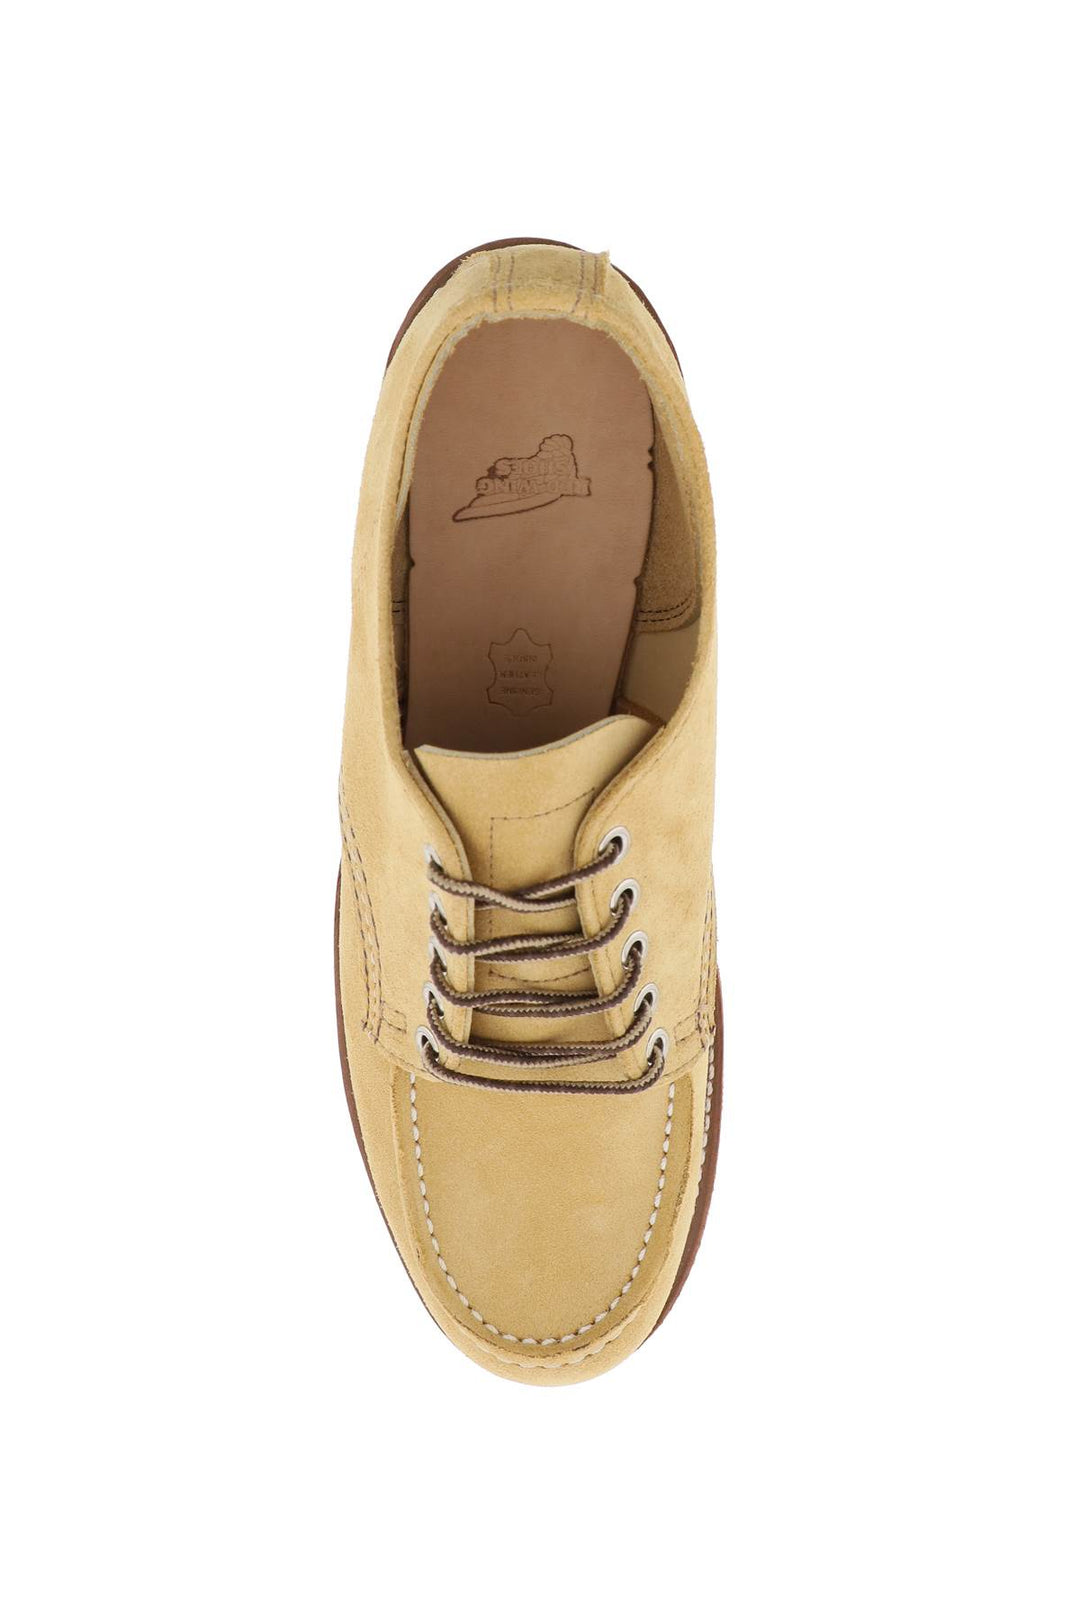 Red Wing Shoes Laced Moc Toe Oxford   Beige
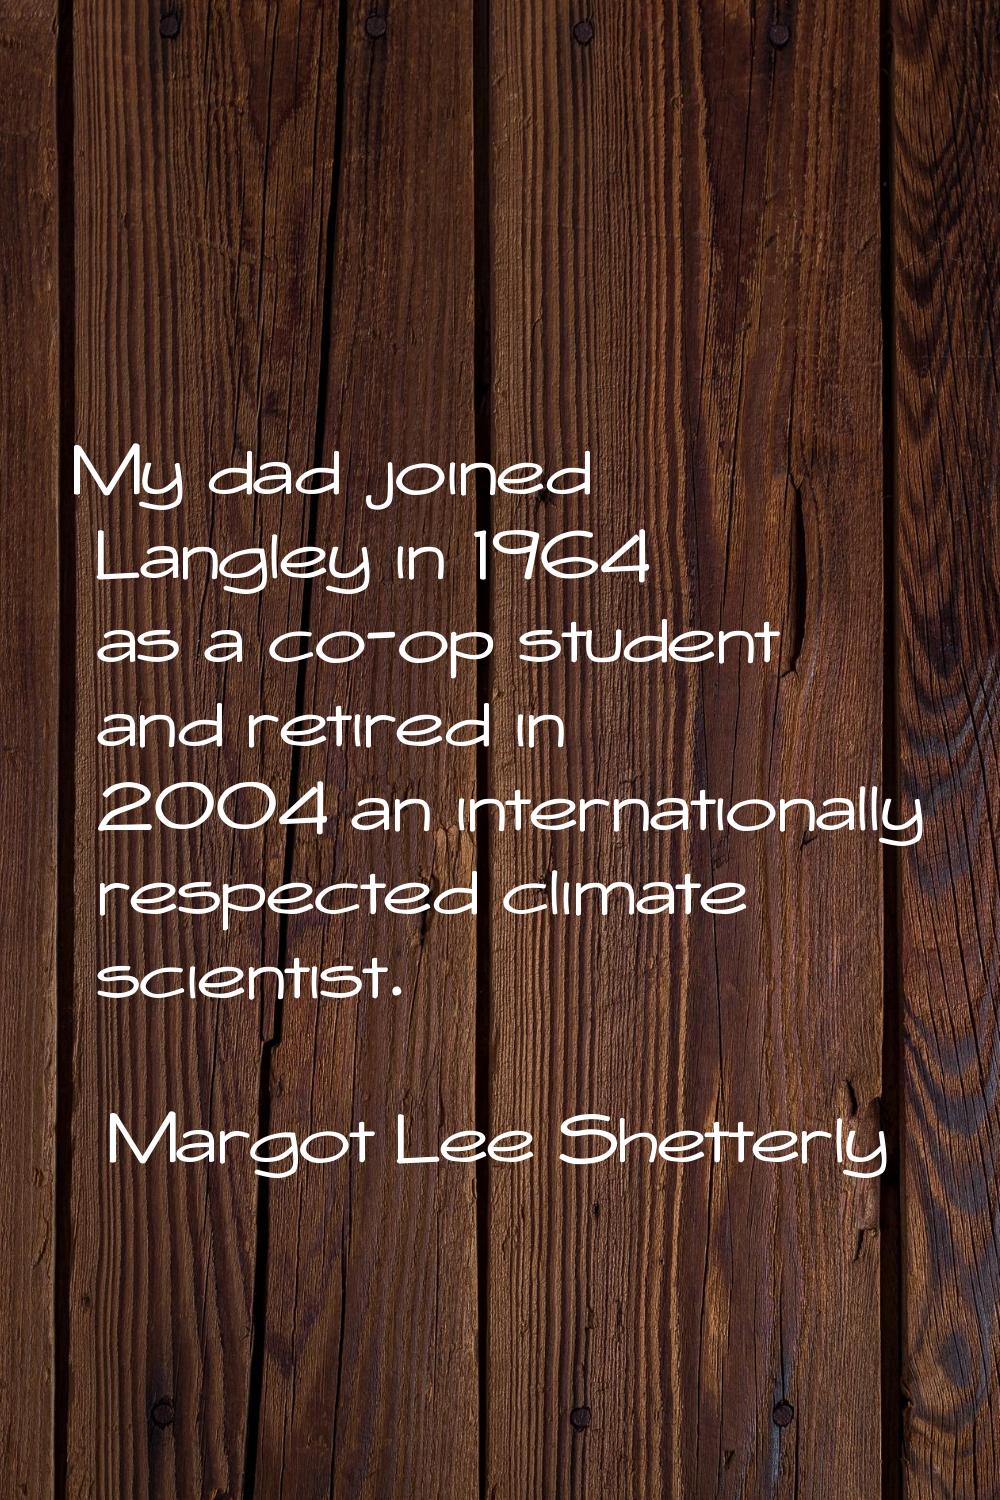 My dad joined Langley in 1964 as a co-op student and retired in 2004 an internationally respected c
____________
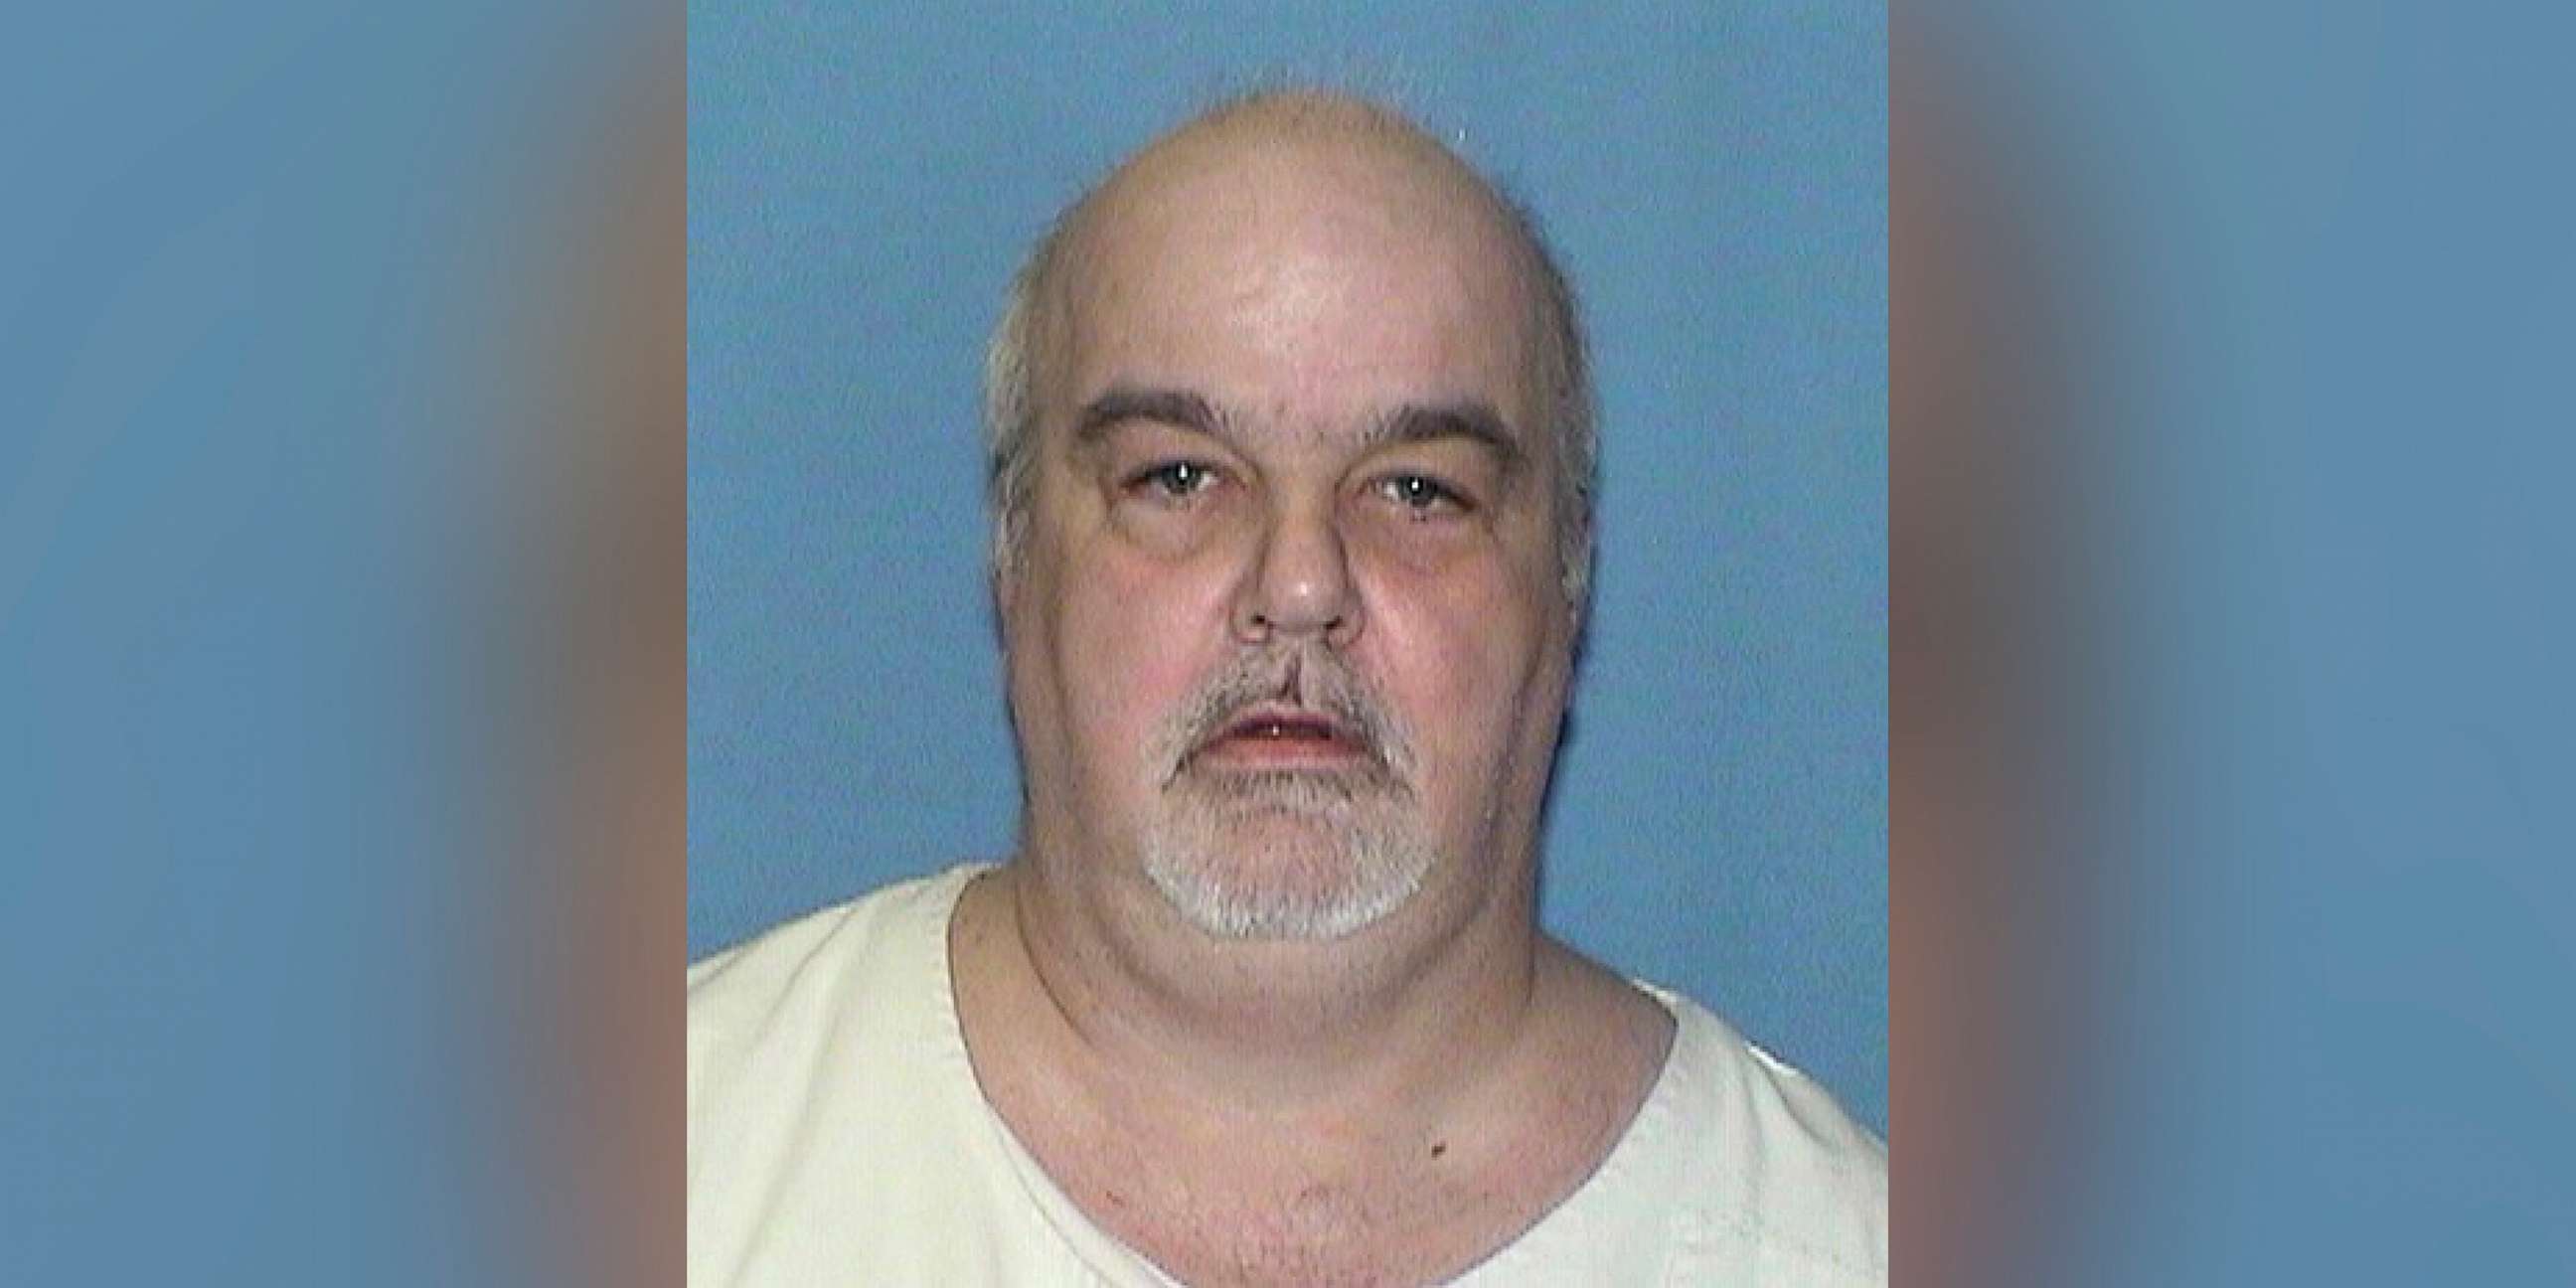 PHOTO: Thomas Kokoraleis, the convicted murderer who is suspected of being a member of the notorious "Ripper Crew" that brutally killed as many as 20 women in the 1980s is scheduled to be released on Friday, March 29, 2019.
____________
**YOUR OBJECTIVE:**
Only one stretch of the material above is wanted: the line containing "Red Wing Shoes" through the line containing "My dad joined". Restate it word for word, minus the pictures.

**EXERCISE SOLUTION:**
 Red Wing Shoes Laced Moc Toe Oxford   Beige
 My dad joined Langley in 1964 as a co-op student and retired in 2004 an internationally respected c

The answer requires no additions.